Il m’arrive parfois de pleurer, même de faire des cauchemars quand je pense à l’avenir de notre planète et à celui de l’Homme”, confie Marion la gorge nouée. Comme cette étudiante en journalisme de 27 ans, un nombre croissant d’individus souffrirait de ce trouble nouveau : l’éco-anxiété. Peu étonnant à l’heure où rapports anxiogènes, photos choc et campagnes de sensibilisation se multiplient sur les réseaux.

Alice Desbiolles[1], médecin spécialisée en santé environnementale, définit ce sentiment comme une “souffrance morale qui touche certaines personnes face à la destruction de la planète et de la biodiversité”. Disparition d’espèces, pollution de l’air, des océans, fonte des glaces… à chacun ses déclencheurs. Retour sur ce malaise quotidien.                                                                                                                                                                                                

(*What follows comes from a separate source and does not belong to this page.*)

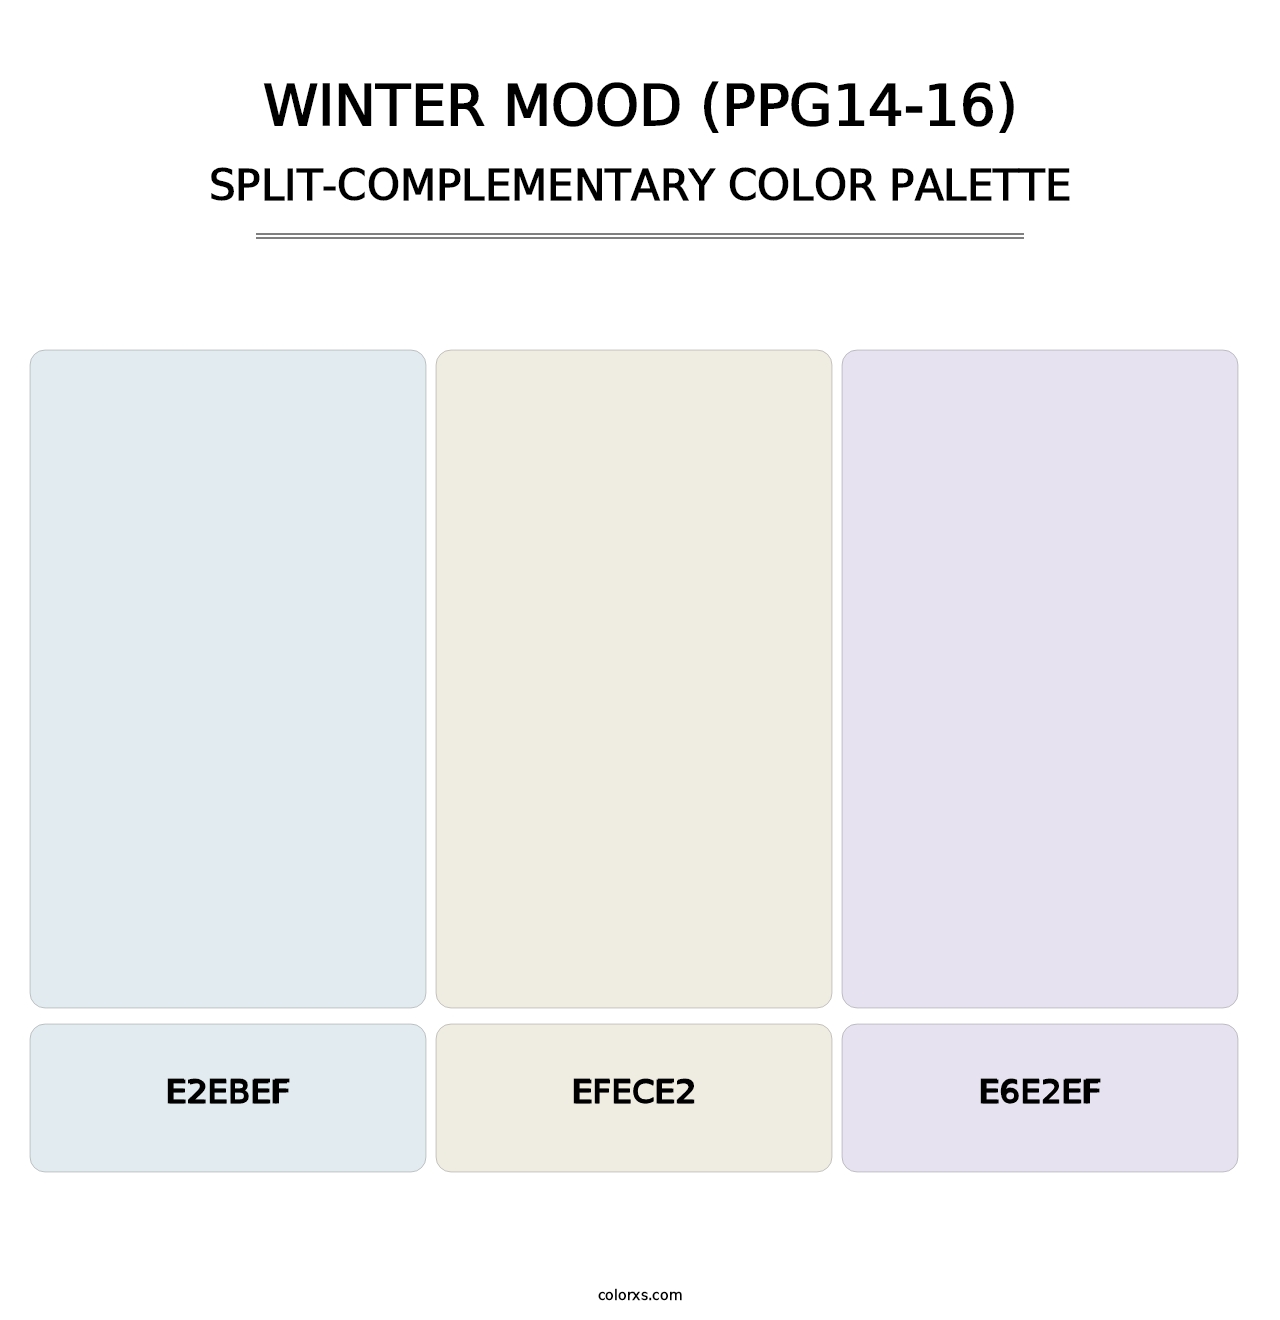 Winter Mood (PPG14-16) - Split-Complementary Color Palette

La solastalgie, ou l’angoisse écologique

“Nous ne pouvons pas faire comme si les changements environnementaux que nous connaissons ne nous affectaient pas. Ils ont un impact certain sur nos modes de vie et nos états d’âme”, relève Marie Romanens[2], psychothérapeute qui ne dissimule pas ses convictions écologiques. “Il est donc question d’une véritable souffrance issue d’inquiétudes légitimes”, tient-elle à rappeler.

On se demande ce qu’il restera de cette Terre pour les plus jeunes. C’est une très lourde responsabilité.

Vidéo du jour

En témoigne la détresse de Marion : “Nos proches ne se rendent pas compte à quel point cela nous impacte psychologiquement. On est focalisé sur le sort de toute la planète. On pense aux autres, aux générations à venir… Franchement, c’est terrible”, confie la jeune femme en étouffant un sanglot sincère - qui peut paraître démesuré de prime-abord. Même constat pour Stéphanie qui à 47 ans a fait le choix de quitter la publicité pour se lancer dans l’écotourisme : “On est inquiets, on se demande ce qu’il restera de cette Terre pour les plus jeunes. C’est une très lourde responsabilité”, songe la chef d’entreprise.

Au-delà du stress, l’éco-anxiété peut revêtir plusieurs formes. C’est pourquoi Alice Desbiolles lui préfère le terme plus large de « solastalgie », développé en 2007 par le philosophe australien Glenn Albrecht. “Selon les sensibilités, il existe plusieurs degrés de réactions. Pour certains, la solastalgie se traduit par une forme d'angoisse ponctuelle, de culpabilité, d’inquiétude plus persistante, ou encore de colère, de tristesse, pouvant aller jusqu’à la dépression ou à des troubles du sommeil", détaille la spécialiste.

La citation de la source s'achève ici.